Cache Management Commands
# Show cache statistics
kosh cache stats
# Verify cache integrity
kosh cache verify
# Run garbage collection (remove orphaned content)
kosh cache gc
# Dry run (show what would be deleted)
kosh cache gc --dry-run
# Force full rebuild (clear cache)
kosh cache rebuild
# Delete all cache data
kosh cache clear
# Inspect a specific file's cache entry
kosh cache inspect content/posts/my-post.md
100-post documentation site:
| Operation | Cold (no cache) | Warm (cached) | Speedup |
|---|
| Full build | 2.5s | 250ms | 10x |
| Single post | 50ms | 10ms | 5x |
| Watch rebuild | 500ms | 50ms | 10x |
500-post blog:
| Operation | Cold | Warm | Speedup |
|---|
| Full build | 15s | 800ms | 18x |
| Single post | 80ms | 15ms | 5x |
Incremental builds shine during development. The first build after git clone is slow, but subsequent builds are nearly instant.
BoltDB Configuration
Kosh optimizes BoltDB for SSG workloads (from builder/cache/cache.go:50-79):
opts := &bolt.Options{
Timeout: 10 * time.Second,
FreelistType: bolt.FreelistArrayType, // Faster than map
PageSize: 16384, // 16KB pages
InitialMmapSize: calculatedSize, // Pre-allocate based on existing DB
}
if isDev {
opts.NoGrowSync = true // Faster, less durable (okay for dev)
} else {
opts.NoGrowSync = false // Production: full durability
}
Key optimizations:
- Array freelist: Faster for SSG’s write-heavy workload
- 16KB pages: Matches typical page size (vs 4KB default)
- Dynamic mmap: Grows to 2x current DB size (max 100MB)

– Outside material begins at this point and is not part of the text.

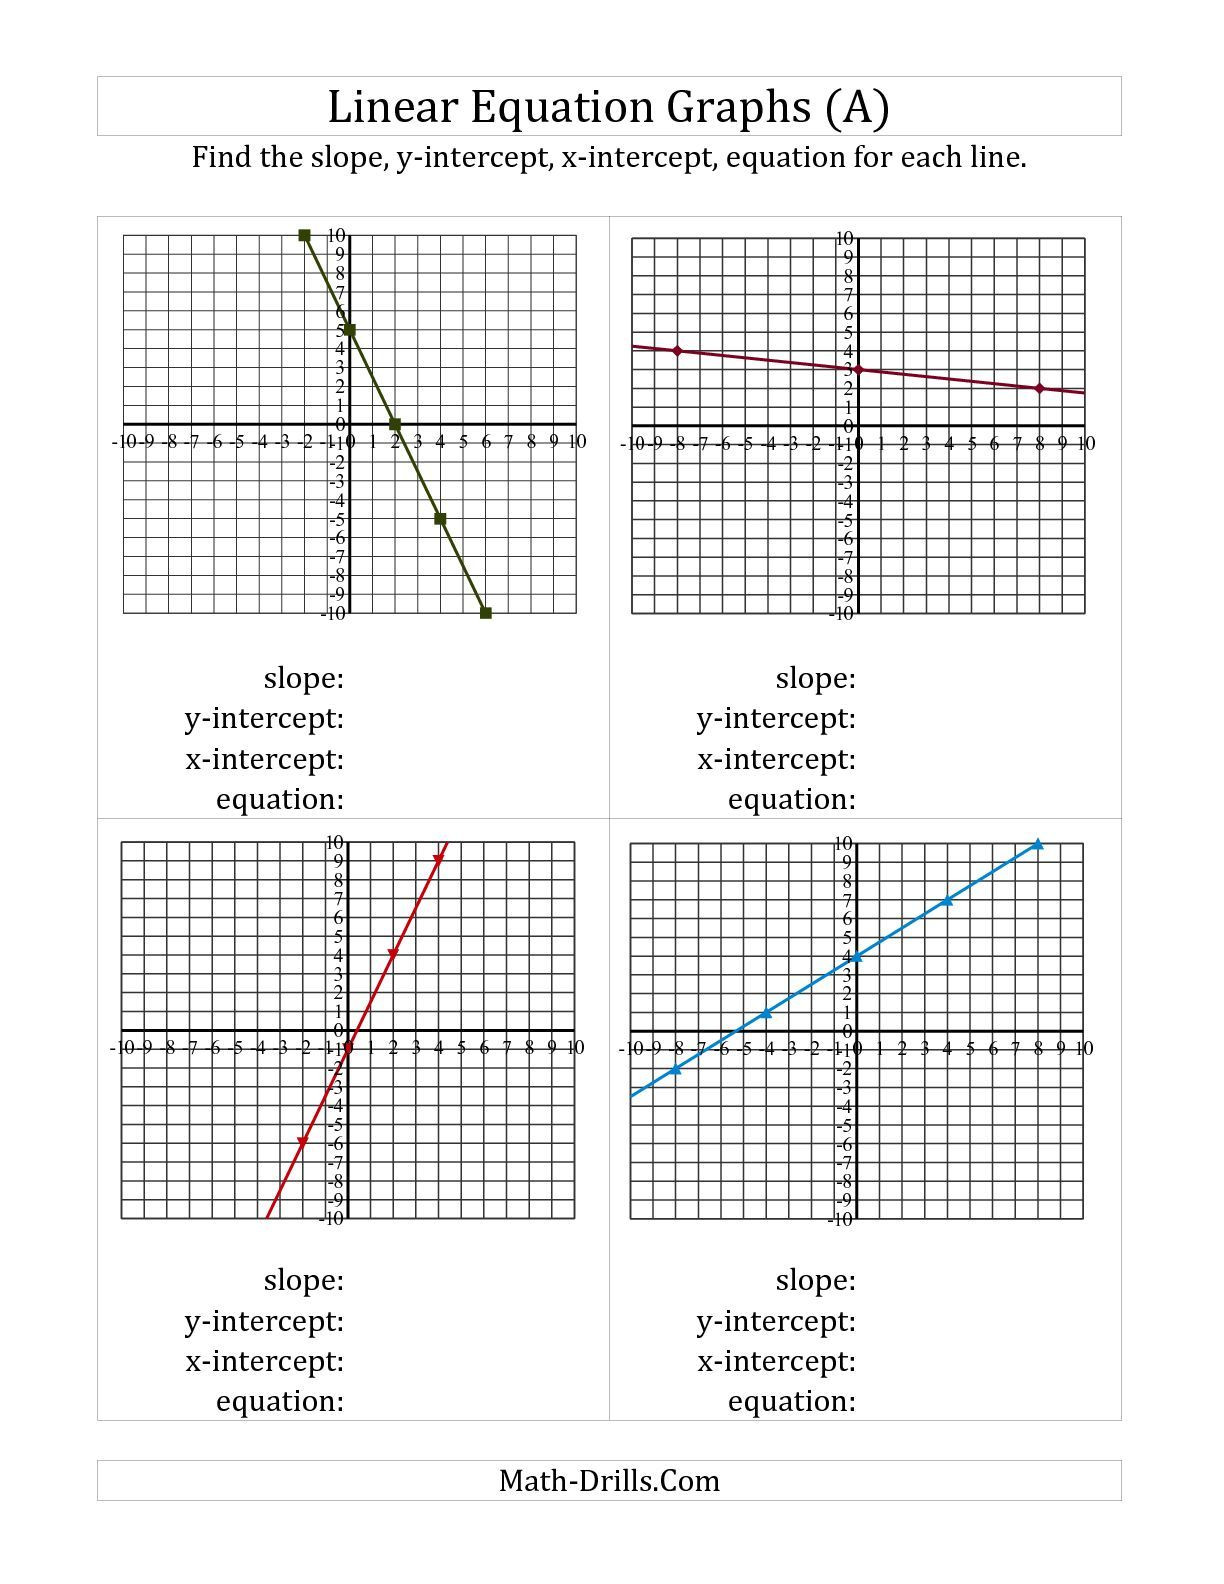 Graphing Linear Equations Worksheet Pdf Worksheets Splendi Graphingnear Equations Worksheet Image

- Dev mode: Skips fsync on grow operations
Cache ID Verification
Kosh stores a cache ID to detect configuration changes:
func (m *Manager) VerifyCacheID(expectedID string) (needsRebuild bool, err error) {
var storedID []byte
m.db.View(func(tx *bolt.Tx) error {
meta := tx.Bucket([]byte(BucketMeta))
storedID = meta.Get([]byte(KeyCacheID))
return nil
})
if storedID == nil || string(storedID) != expectedID {
return true, nil // Rebuild needed
}
return false, nil
}
What triggers cache invalidation:
- Theme change
- Output directory change
- Base URL change (if affecting rendered HTML)
- Major version upgrade